In the interest of truth in reporting I revised the title yet again-I had to go to Lowes today in order to get some nails, a couple of 2x4s, and some screws.  It's basically done at this point-I just need to fill it with wood and do some tweaking here and there.  My father-in-law gave me some ice shield to use as roofing material, so I need to get that on too.  All in all, not bad for $50:


----------



## wood spliter (Oct 4, 2010)

It looks great!


----------



## firefighterjake (Oct 4, 2010)

Cheap is good . . . but I do have a question . . . are you leaving the "trap door" in the floor of the shed for a reason or are you going to leave it there as a burglar deterrent (i.e. thief sneaks into your woodshed late at night to pilfer some pine, doesn't know about the hole in the floor and voila -- you end up with a thief with a badly sprained ankle?  )


----------



## Badfish740 (Oct 4, 2010)

firefighterjake said:
			
		

> Cheap is good . . . but I do have a question . . . are you leaving the "trap door" in the floor of the shed for a reason or are you going to leave it there as a burglar deterrent (i.e. thief sneaks into your woodshed late at night to pilfer some pine, doesn't know about the hole in the floor and voila -- you end up with a thief with a badly sprained ankle?  )

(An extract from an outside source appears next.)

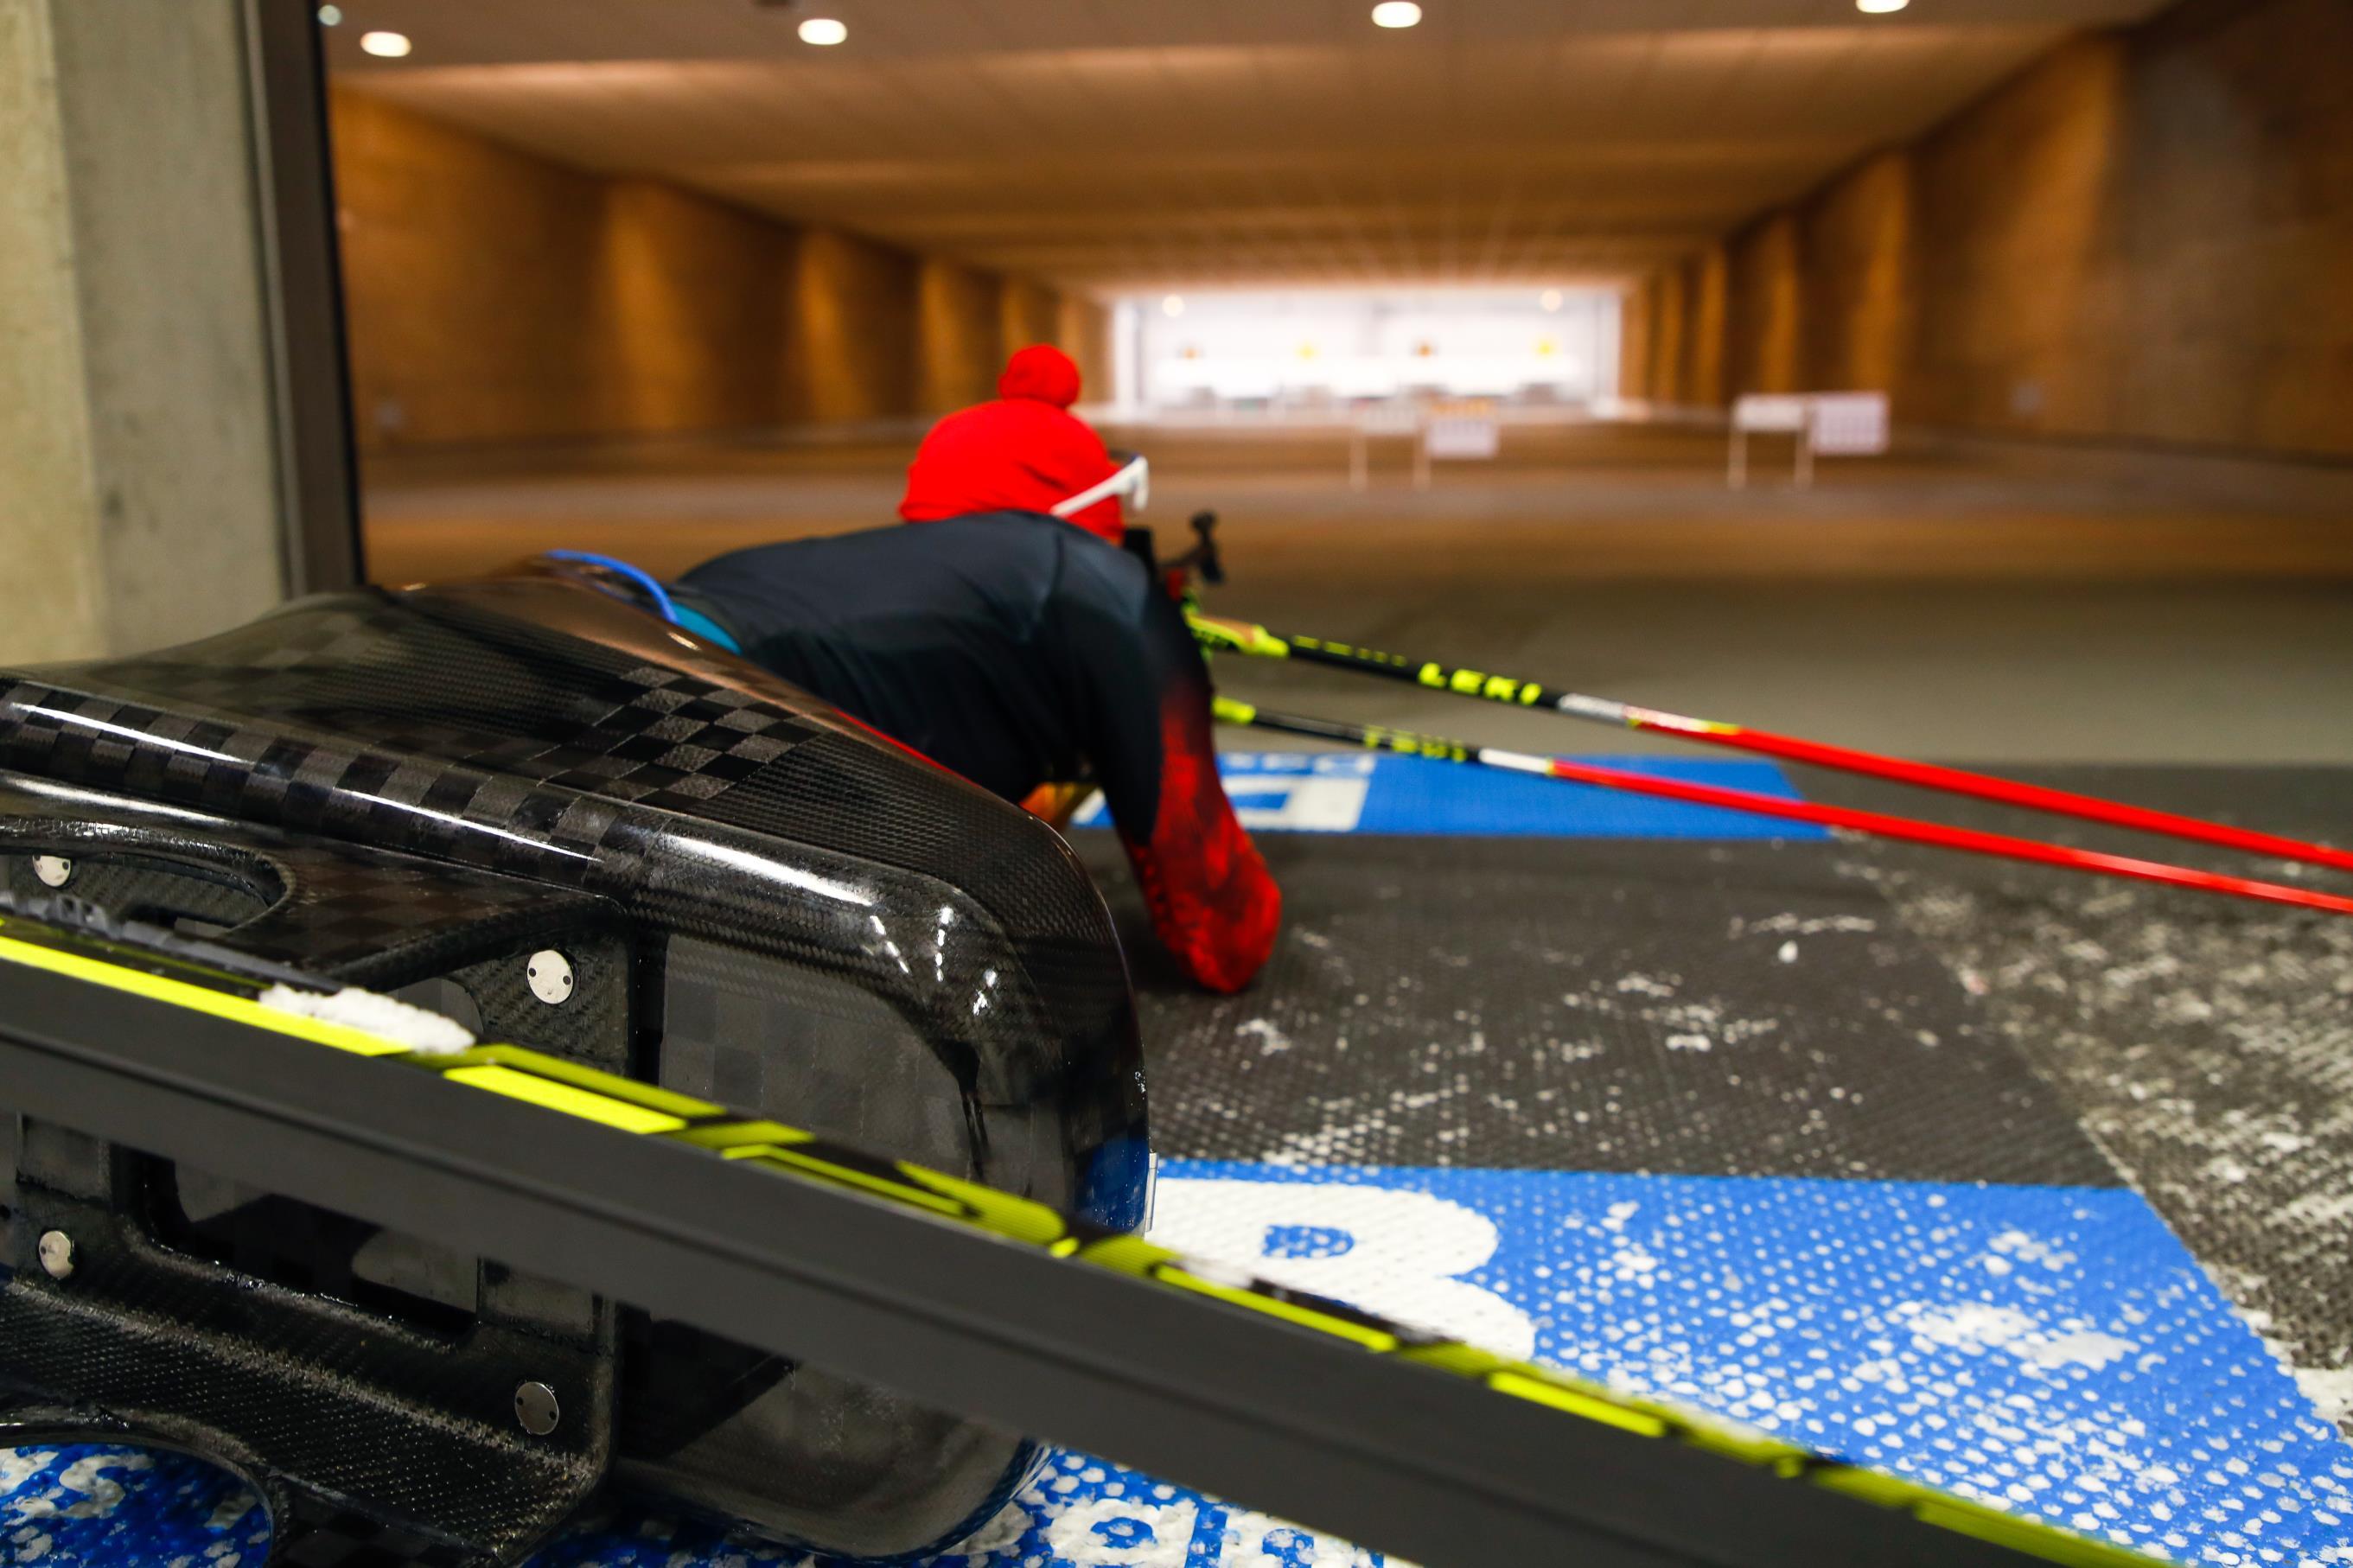 TOYOTA Motorsport GmbH fabrica un trineo de esquí para Andrea Eskau

Hehe...that was just me getting desperate.  It's harder than you think to find a number of pallets of uniform size when you're scrounging for them.  I ended up using that one because it was the right length/width despite the damage.  Luckily I have no shortage of other pallets to cannibalize from.  I'm going to start filling it up this week-roofing material will go on over the weekend.  Maybe at some point during the winter if I get bored and have a few extra $$$ laying around I'll pick up some of that OSB that's faced on one side with a T-111 pattern-it even comes primed.  The shed doesn't look half bad now, but the siding might even make it look I bought it   Thanks for all of the comments-here's to a stress free year of going outside and grabbing a nice dry split-no wrestling with snow covered plastic required


----------



## firefighterjake (Oct 4, 2010)

Badfish740 said:
			
		

> firefighterjake said:
> 
> 
> 
> ...



Kinda figured you would get that fixed before you stepped in it yourself . . . and yeah . . . nothing beats a good woodshed (well maybe a good, cheap woodshed) . . . I can't tell you how much joy it brings me to see a fully-loaded woodshed and knowing that I will be able to pull out dry wood in middle of a raging snow storm or late Fall rain and not have to deal with blue tarps or get snow covered or soaking wet in the process.


----------



## blowell (Oct 7, 2010)

I like it - nice size.


----------